Imaging arrays have sensitivities that are limited by 1/f noise caused by gain fluctuations that produce an output drift over time. FIG. 1 shows a graph for a typical 1/f noise spectrum. The 1/f noise has a frequency spectrum (noise vs. frequency (f)) that generally follows a 1/f curve 11 and hence the name for 1/f noise. Above a knee frequency 15 the noise is generally white noise. The cause of 1/f noise is related to properties inherent in all semiconductors, which are used in many applications including imaging arrays. The noise at frequencies below the knee frequency 15 causes the imaging array's output to drift in time. Therefore, it cannot be determined whether the output of a sensor in an imaging array is changing because the scene is changing or whether the output change is due to 1/f noise, unless some step is taken to compensate or calibrate out the drift.
There are currently many methods of calibrating the drift, and these methods can be broken down into two categories: one that applies only to mechanically scanned arrays and one that applies to scanning or staring (non-scanning) arrays.
In mechanically scanned arrays the sensors are moved to scan an image. For example, a mechanically scanned array can be a line array of sensors. Mechanically scanning the imaging elements modulates the signals by creating a time varying element output as the element scans across a scene.
This modulation shifts the image signal to a higher frequency and effectively separates the signal from the 1/f noise in frequencies below the knee frequency. One can subtract the average value of the signal across the entire scan from the scan signal and limit the drift to what occurs within that scan as disclosed by M. A. Janssen, D. Scott, M. White, M. D. Seiffert, C. R. Lawrence, K. M. Gorski, M. Dragovan, T. Gaier, K. Ganga, S. Gulkis, A. E. Lange, S. M. Levin, P. M. Lubin, P. Meinhold, A. C. S. Readhead, P. L. Richards, J. E. Ruhl, “Direct images of the CMB from space,” Astrophysical journal, 1996, pp. 15. This method has the advantage of not requiring any additional hardware; however, appreciable drift can still occur within the scan period. To ensure minimal impact of drift on the sensor performance, the image must be scanned at a rate at least four times the knee frequency, which modulates the image signal to be within the white noise spectrum of the 1/f noise. Because typical commercial sensors have knee frequencies of 1 KHz or more, this method cannot be effectively applied due to the high scan rates required.

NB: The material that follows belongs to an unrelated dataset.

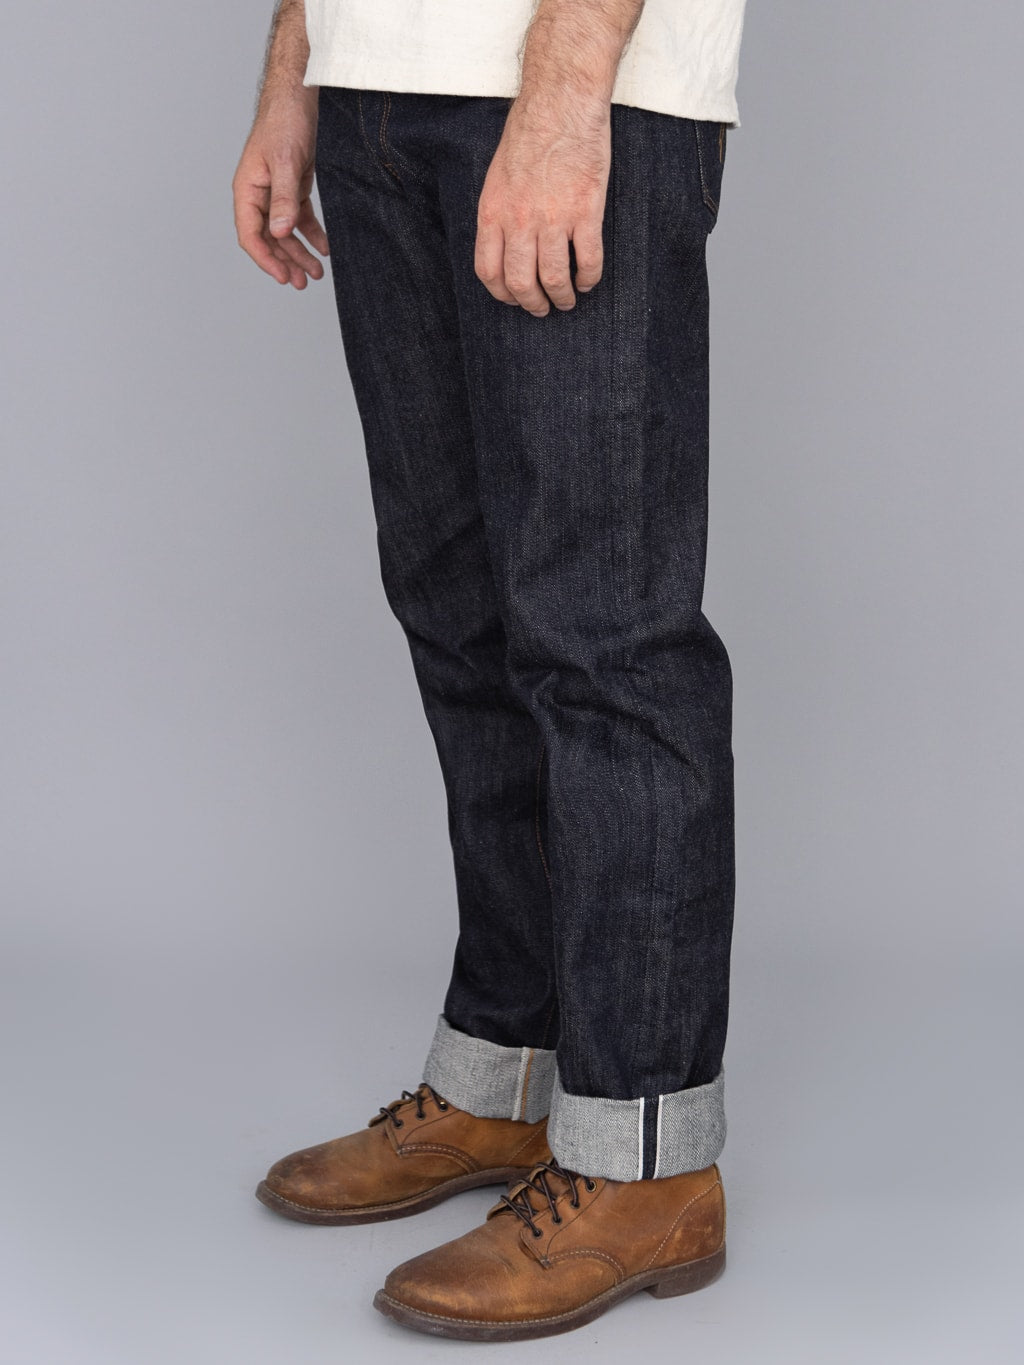 The Flat Head 3009 14.5oz straight tapered Jeans side

The methods used to calibrate staring arrays do not depend on movement of the sensor elements; however, these methods can also be applied to scanned arrays if desired. One method uses a switch, called a Dicke switch, to modulate the image signal, as disclosed in Ulaby, Microwave Remote Sensing, Vol 1, Artech House, Mass., 1981, section 6-9. Another method of modulating the image signal is to use a rotating optical blade, which is called an optical chopper, in front of the sensors. The Dicke switch and the optical chopper both modulate the input signal to move the image signal spectral energy away from the low frequency noise, thereby minimizing drift effects.
The Dicke switch must be installed in each element separately, and therefore adds significant cost to the array. Furthermore, the Dicke switch introduces losses that degrade the sensitivity of the array.
An optical chopper has the advantage of modulating all of the elements at once because it can be placed in front of all the sensors. The drawback of optical choppers is that they cannot spin at high enough rates to modulate the image signal above typical knee frequencies. In addition, optical choppers often create audible noise and also require significant space when used with large arrays. Because an optical chopper is a moving part, more maintenance is required.
Another method of drift compensation is called noise injection. In this scheme each sensor contains a noise source that is coupled into each sensor input. The noise source is switched on and off at a rate higher than the knee frequency. By taking the ratio of the output of the sensor during the on and off times, one can eliminate the output drift due to temporal gain fluctuations. This method is disclosed in Ulaby, Microwave Remote Sensing, Vol 1, Artech House, Mass., 1981, section 6-12. John D. Kraus, in Radio-Telescope Receivers, McGraw Hill, N.Y., 1966, pages 289-290 discusses the same method for a radio telescope receiver. This method requires additional hardware to be designed into each of the sensors, adding significant cost. Furthermore, the ability to calibrate out drift is limited to the inherent stability of the noise source. Noise sources contain uncontrolled amplitude fluctuations, typically with a 1/f type of noise spectrum, and these fluctuations add additional drift to the output that cannot be compensated using the noise injection method disclosed by Ulaby and Kraus.
What is needed is a method for compensating out 1/f noise for an arbitrarily sized array of sensors, whether the sensors are mechanically scanned or staring. Also needed is a method that is not limited by the stability of the output of a reference or noise source. Also each individual sensor in the imaging array should be able to be compensated while adding only a small cost to the imaging array. The embodiments of the present disclosure answer these and other needs.